Miss Fitchley became thoughtful.
“Don’t see it,” she said, “I’ve nothing to gain by talking and everything to lose.”
“But surely, I mean, I don’t see what you can lose by talking to me.”
“My job,” reflected Miss Fitchley loudly.
“I can’t think how.”
“What’s the set-up, anyway?  Who’s suspected?”
“The police have several suspects.”
“Two gals on the list?”
“Well, yes.  You see, there was a dog . . .”  He told Miss Fitchley about the fox terrier.
There was another long silence.
“This is damned awkward.  I have got some information for you.  Involves someone else.  Would probably clear those two.  But if it is used it would put paid to my job.”
“I think you can rely on me to keep you out of it, so far as anything you tell me is concerned.  I can’t answer for the police, of course, if they come on your name somehow.”
“No.  See that.  Don’t know what the hell to do.  Don’t like to hear those two are suspected.”
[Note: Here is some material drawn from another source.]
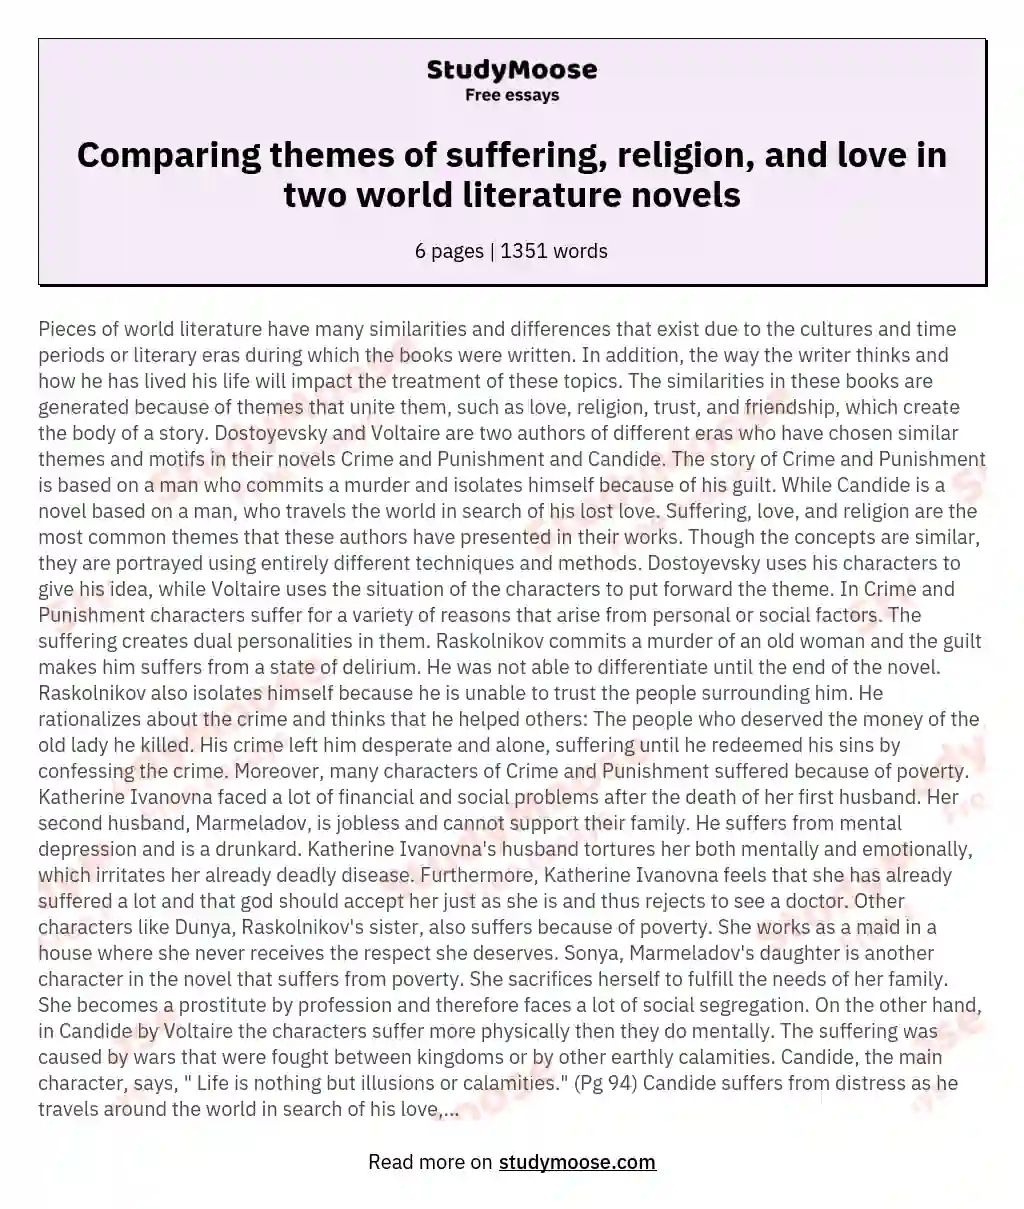 Analysis of themes like suffering, religion and love in two different world literature novels
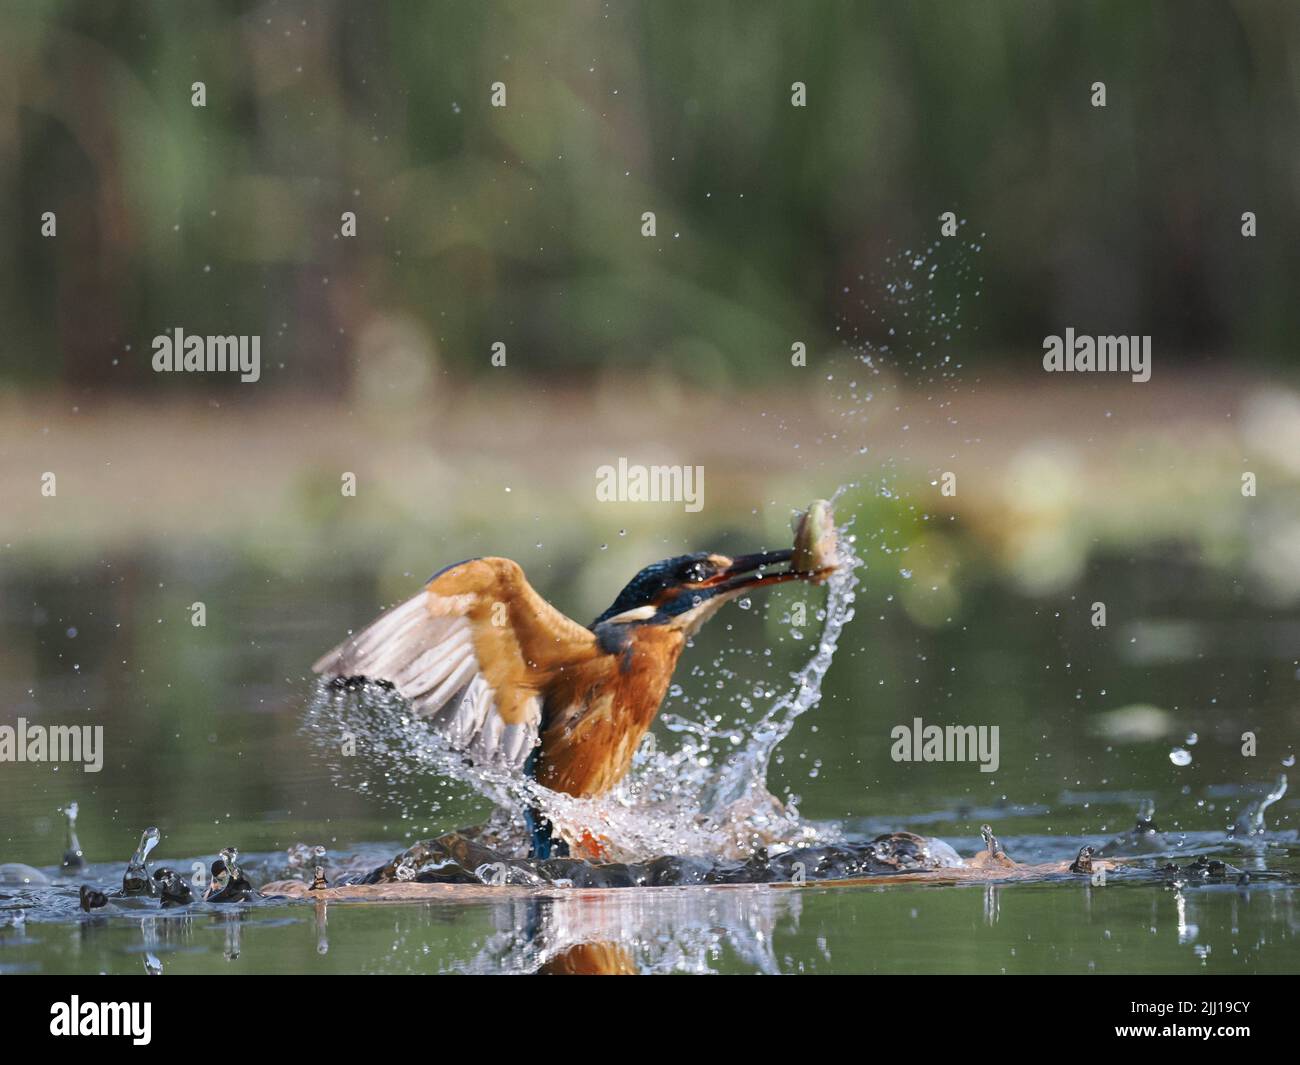 The kingfisher emerges from the water with a successful catch. UK: THESE BEAUTIFUL images mark a momentous occasion for this blind photographer as he Stock Photo

There was another pause.  Miss Fitchley seemed to be considering not so much the problem as Carolus himself.  Suddenly she thrust out her hand and crushed the smaller one of Carolus.
“Going to trust you,” she said.  “Call me Bugs.”
“Thank you,” whispered Carolus.
“Got to keep this under your hat.  My job depends on it.  Can’t lose that.  Suits me down to the ground.  Recently promoted.”
“I think you can trust me in that respect.”
“Think so, too.  Glass of beer?”
Carolus had been relieved to find that it had not been necessary for him to keep up with Bugs as it had been with Mrs. Millen two nights ago but accepted the suggestion now.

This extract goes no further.